In its petition, IndiaMART argues that large AI services have become "intent-driven gateways" with significant economic power, and its exclusion has had a "catastrophic" business impact. The disruption also threatens smaller merchants, marketers, and ad agencies. Vendors risk being overshadowed not due to product quality, but because of how their data is structured for AI consumption.
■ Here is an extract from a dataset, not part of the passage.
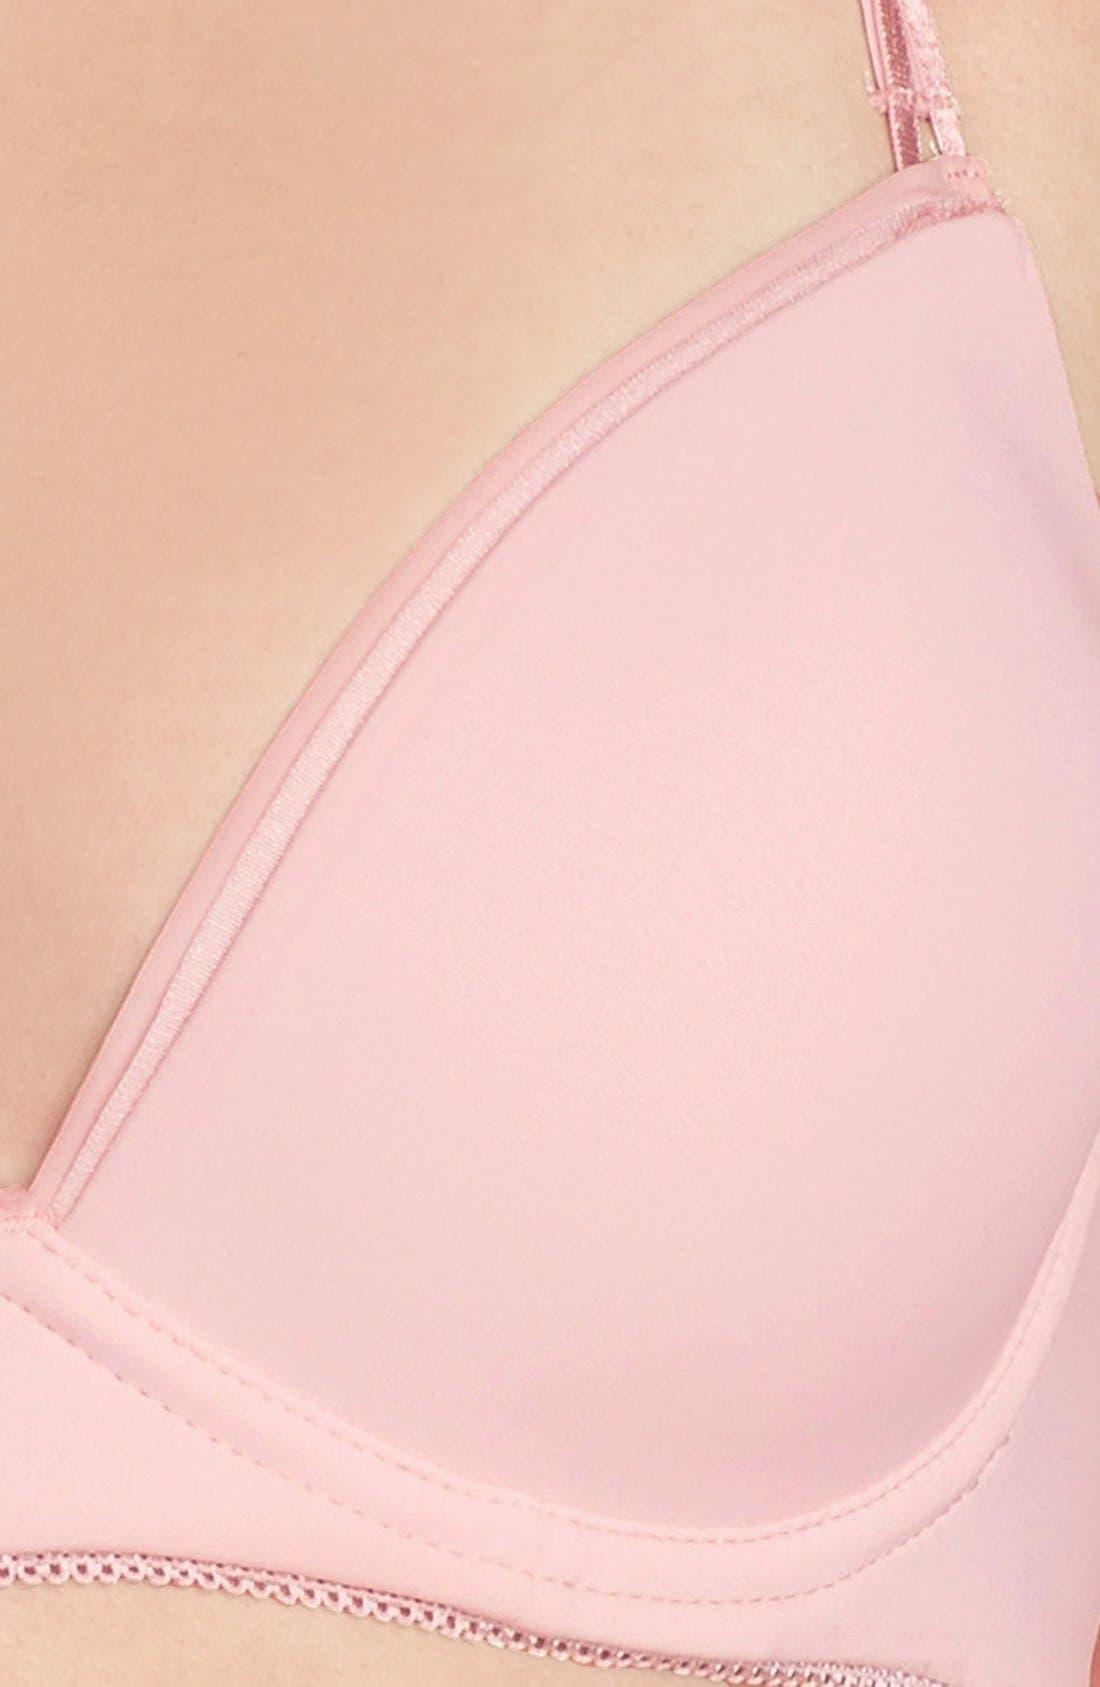 'Seductive Comfort - Customized Lift' Underwire Bra,                             Alternate thumbnail 107, color,

Furthermore, AI is exposing flaws in digital advertising. Bots can simulate human scrolling to generate "viewable" ad impressions that deliver zero real attention. CUTS International estimates up to 20% of India's digital ad budgets may be wasted on such fraud. As AI compresses the shopping funnel into a single answer, it makes internal marketplace search pages less relevant, redirecting ad spend.

Advertising Revenue Gets a Boost from AI

Paradoxically, AI-led discovery is concentrating attention and reinforcing ad revenues for the largest platforms. By controlling catalogue data, logistics, and checkout, giants like Amazon and Flipkart can monetize user intent more directly by placing promoted products inside AI-driven answers.

The financial results are clear. Amazon India's advertising revenue grew 25% in FY25, outpacing its core marketplace growth. Its closest rival, Flipkart, posted advertising revenue of ₹6,317 crore in FY25, a 27% year-on-year increase. OpenAI itself is reportedly considering introducing "sponsored content" through ads.

Early signs show marketing budgets are shifting. Brands are currently allocating 2–5% of spend to AI optimisation as an experimental bet. Experts like Banerjee predict that as AI proves effective, high single-digit to 10% of digital ad spend could move to conversational commerce, largely at the expense of traditional search and low-quality display ads.

The race is on. As AI reshapes the very foundation of online discovery, Indian e-commerce companies are in a high-stakes battle to ensure they are not just visible on a screen, but present in the mind of the machine.